Smith questions the long term effects of raising the base pay.

“Making those increases then not having an ongoing support from the state to pay for it, that’s a concern, number one. Number two, is that this piece does nothing for the compression that would be caused between starting teachers and tenure teachers,” he says.

The last time Missouri increased its minimum teacher pay was back in 2005. What has happened since then? Missouri Education Commissioner, Dr. Margie Vandeven, said at a Missouri Board of Education meeting last December that the state has fallen significantly behind its eight bordering states in teacher pay. She said Missouri’s teachers are leaving the field at a greater rate than the state has ever seen before.

Of the state’s roughly 70,000 K-12 public schools teachers, more than 4,000 would be impacted by the governor’s proposed increase.

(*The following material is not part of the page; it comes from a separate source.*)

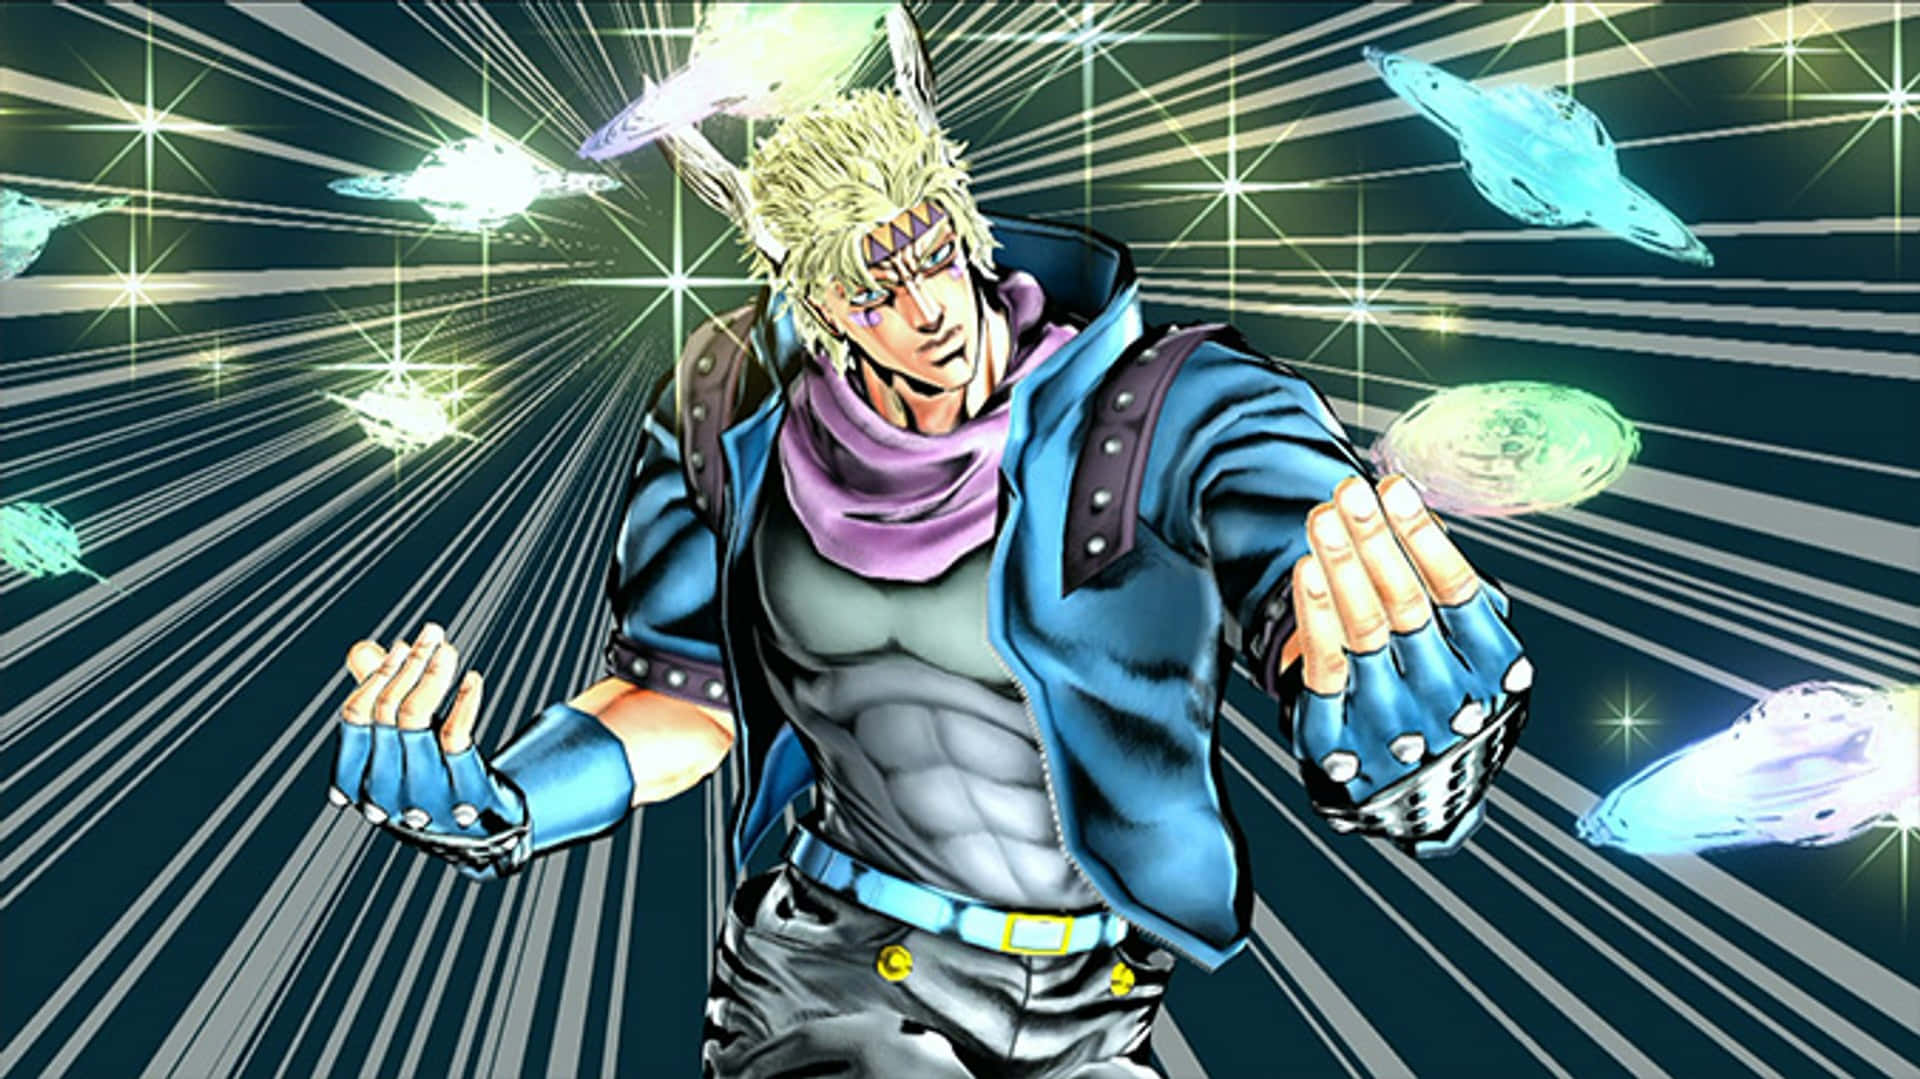 The Masterful Caesar Anthonio Zeppeli in Action Wallpaper

Missouri House Budget Committee Chairman Cody Smith (R-Carthage) testifies before a House committee in Jefferson City on February 24, 2021 (file photo courtesy of Tim Bommel at House Communications)

State Representative Ed Lewis, R-Moberly, agrees with Smith.

“There’s some little school districts out there that this gave them a lot of heartburn,” says Lewis. “This gave them some genuine stomach turning, ‘What are we going to do? We can’t do this.’”

Representative Maggie Nurrenbern, D-Kansas City, opposes the committee’s move.

“Now we’re seeing what a lot are deeming a crisis and not being able to recruit and retain teachers here in this state,” she says. “What I see here instead of trying to do something to address the shortage is that again we’re passing that buck. But I feel like we have to do something as we are really facing a dire shortage. I heard the department say that today we can look at where we’re at today but what’s really startling is where we’re going to be in five years from now. So, if we don’t start to address something soon I’m afraid as to where we could land.”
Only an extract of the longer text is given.